回答by Jashandeep Sohi

You don't necessarily need a yield from xto give control over to the event loop.

您不一定需要 ayield from x来控制事件循环。

In your example, I think the properway would be to do a yield Noneor equivalently a simple yield, rather than a yield from asyncio.sleep(0.001):

在您的示例中,我认为正确的方法是执行 ayield None或等效的 simple yield,而不是 a yield from asyncio.sleep(0.001)

import asyncio

@asyncio.coroutine
def say_boo():
  i = 0
  while True:
    yield None
    print("...boo {0}".format(i))
    i += 1

@asyncio.coroutine
def say_baa():
  i = 0
  while True:
    yield
    print("...baa {0}".format(i))
    i += 1

boo_task = asyncio.async(say_boo())
baa_task = asyncio.async(say_baa())

loop = asyncio.get_event_loop()
loop.run_forever()

Coroutines are just plain old Python generators. Internally, the asyncioevent loop keeps a record of these generators and calls gen.send()on each of them one by one in a never ending loop. Whenever you yield, the call to gen.send()completes and the loop can move on. (I'm simplifying it; take a look around https://hg.python.org/cpython/file/3.4/Lib/asyncio/tasks.py#l265for the actual code)

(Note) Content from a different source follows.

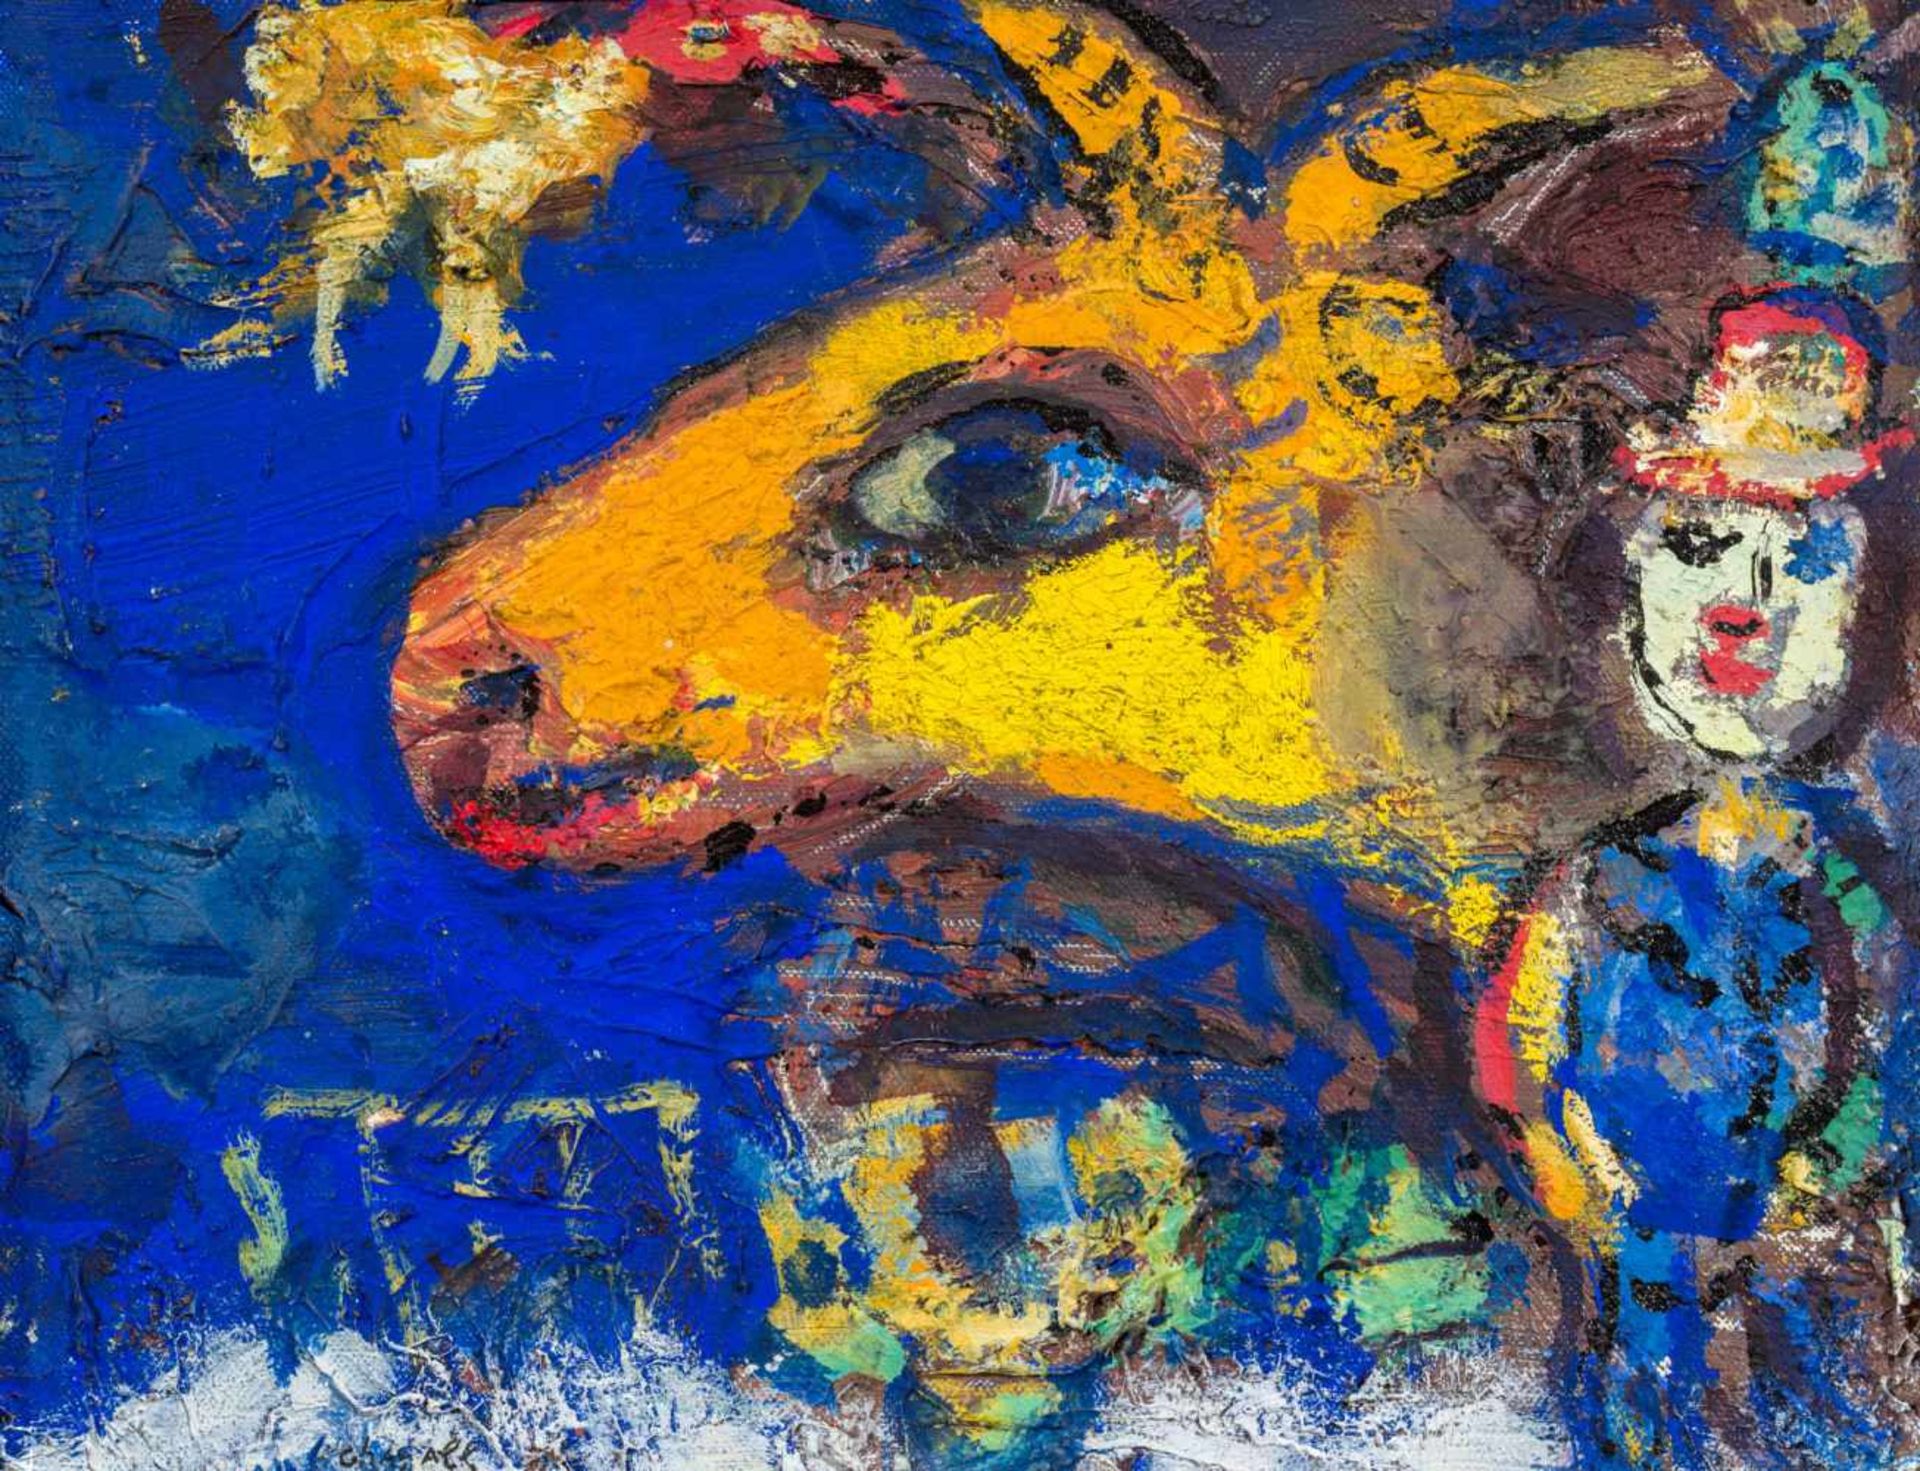 Marc Chagall1887–1985Le profil du bouc jauneum 1962Öl auf Leinwand19 x 24 cmNachlass des

协程只是普通的旧 Python 生成器。在内部,asyncio事件循环会保存这些生成器的记录,并gen.send()在永无止境的循环中逐个调用它们。无论何时yield,调用gen.send()完成并且循环可以继续。(我正在简化它;查看https://hg.python.org/cpython/file/3.4/Lib/asyncio/tasks.py#l265以获得实际代码)

That said, I would still go the run_in_executorroute if you need to do CPU intensive computation without sharing data.

也就是说,run_in_executor如果您需要在不共享数据的情况下进行 CPU 密集型计算,我仍然会走这条路线。